FDA-approved biologic DMARDs are in the following categories: anti-TNF antagonists (adalimumab, etanercept, infliximab, golimumab, and certolizumab), interleukin antagonists (anakinra and actemra), suppress T-cell activation (abatacept), and anti B-cell monoclonal antibody (rituximab).
Dr. Owens added that several drugs are in the late-stage pipeline to treat RA. Phase 3 trials have been conducted or are underway for sirukumab (a human anti-interleukin-1 beta monoclonal antibody), secukinumab (a human anti-interleukin-1 beta monoclonal antibody), ofatumumab (a human anti-CD20 monoclonal antibody), tofacitinib (a janus kinase inhibitor), and fostamatinib (a spleen tyrosine kinase inhibitor).
None of the current therapies cure the disease, but approximately 50% of patients who take any of the FDA-approved biologics meet the ACR’s criteria of 20% to 50% improvement, according to Dr. Owens. He added that an issue with biologics is that most have fixed doses within a narrow range. In addition, some of the contraindications associated with biologics are active hepatitis B infection, multiple sclerosis, optic neuritis, active serious infections, chronic or recurrent infections, current neoplasia, history of tuberculosis or positive purified protein derivative, and congestive heart failure.
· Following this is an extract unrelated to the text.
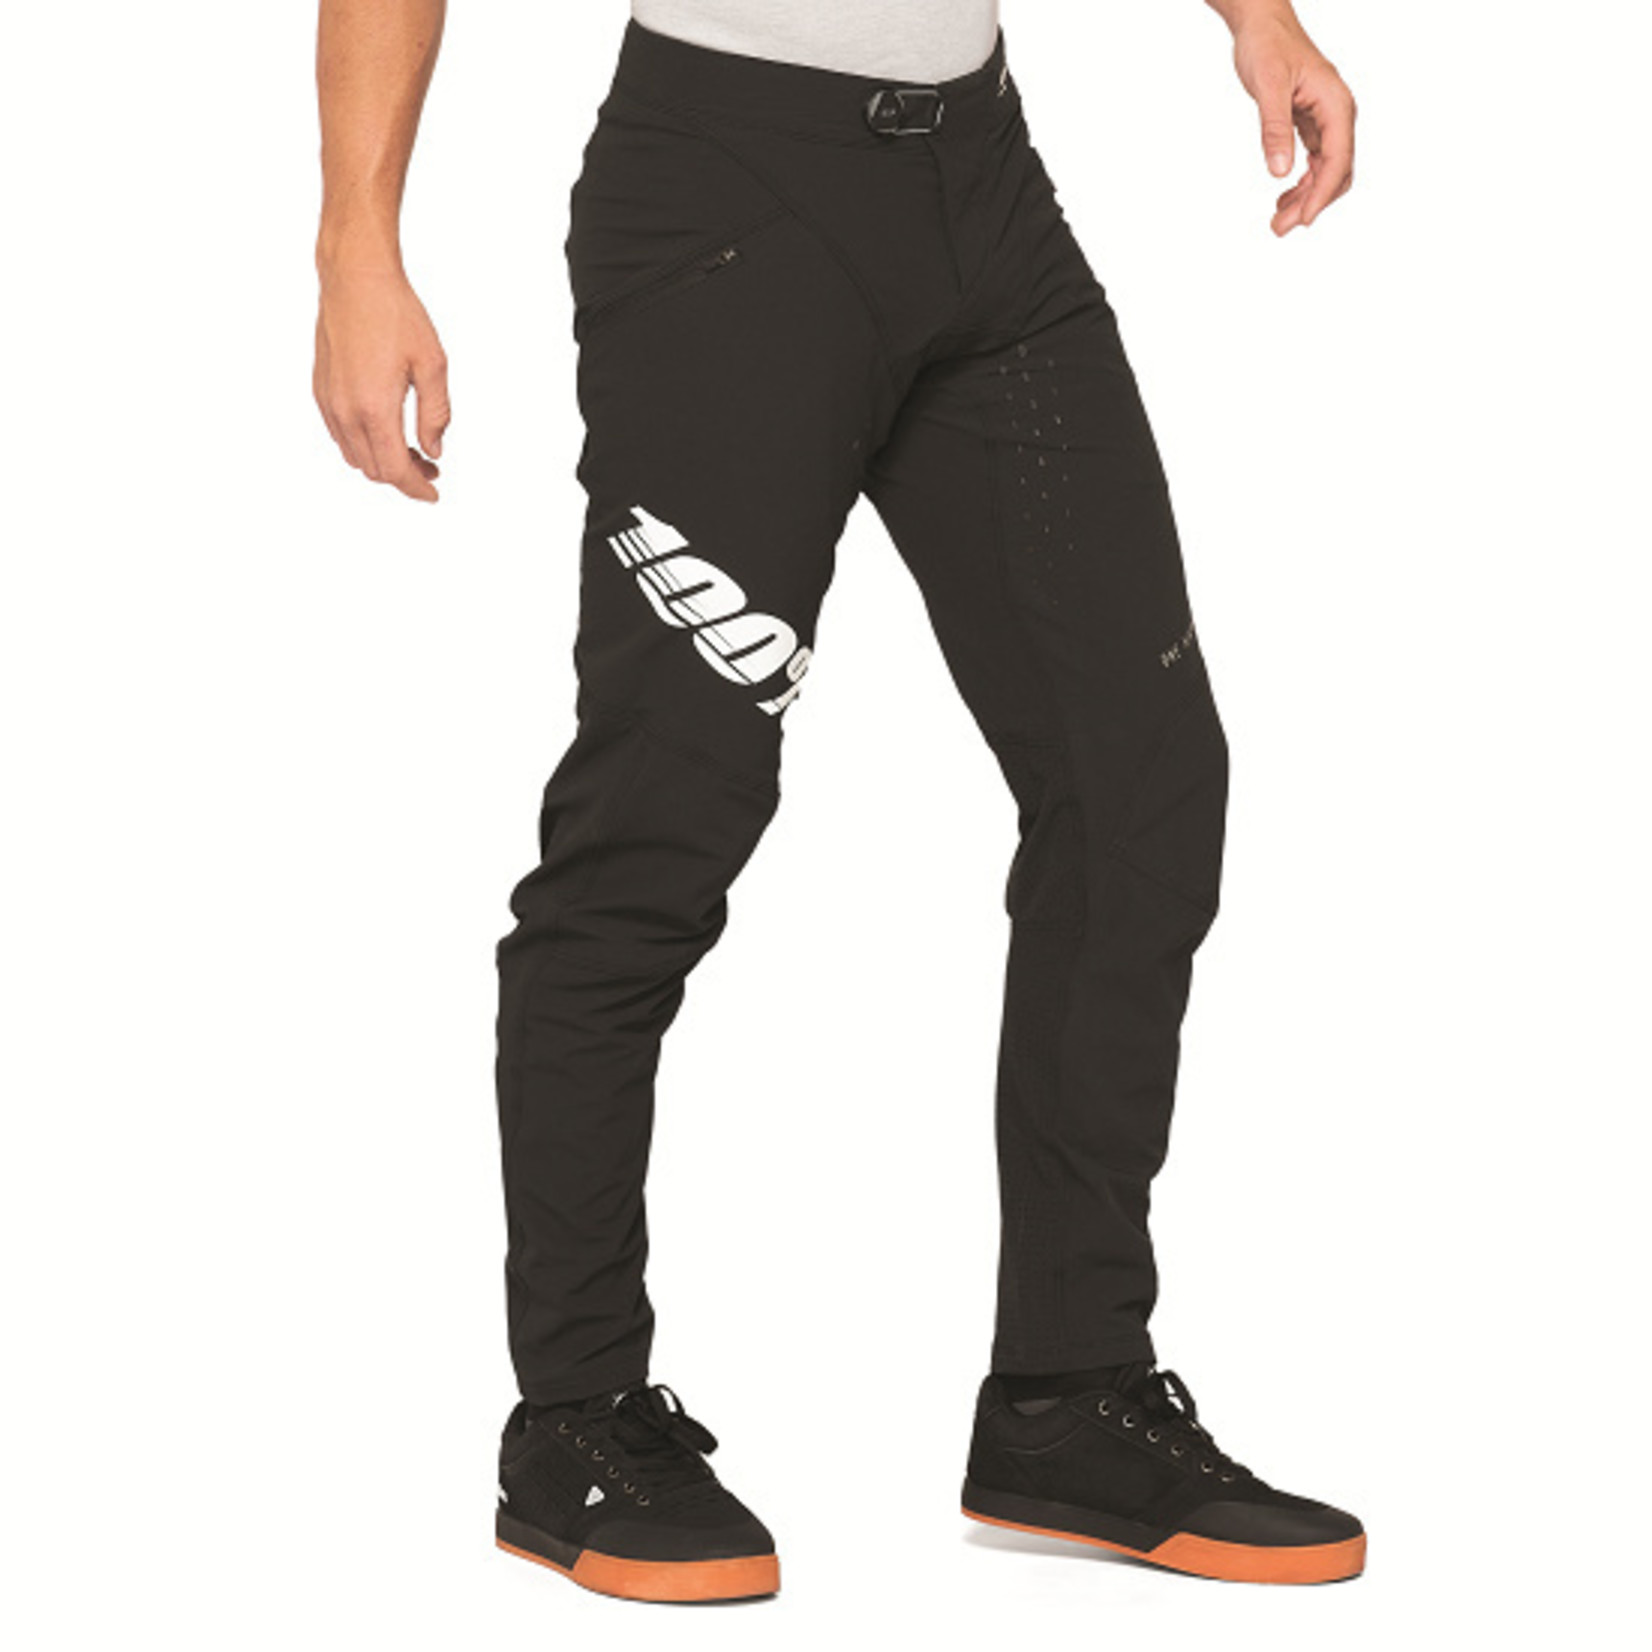 100% R-Core X Bike Gear Men's Downhill Pants - Black/White

The wholesale acquisition costs for the 8 biologic DMARDs are similar, ranging from $20,500 per year for abatacept to $21,500 for rituximab, according to Dr. Owens.
Dr. Owens also discussed results of a study that examined an overview of The Cochrane Library reviews. An analysis of 27 randomized controlled trials found that any biologic DMARD was more effective than placebo, with all but anakinra being 2 to 3 times more effective. For the most part, the DMARDs were similar in effectiveness, although the authors found that etanercept, rituximab, and adalimumab were superior to anakinra.
Another analysis of 29 randomized controlled trials found that compared with a placebo group, patients who took adalimumab, anakinra, and infliximab were at a higher risk for withdrawing from the studies because of adverse events. The risk was similar between the group and patients who took abatacept, etanercept, and rituximab. In addition, compared with the etanercept group, patients who took adalimumab, anakinra, and infliximab had more withdrawals because of adverse events.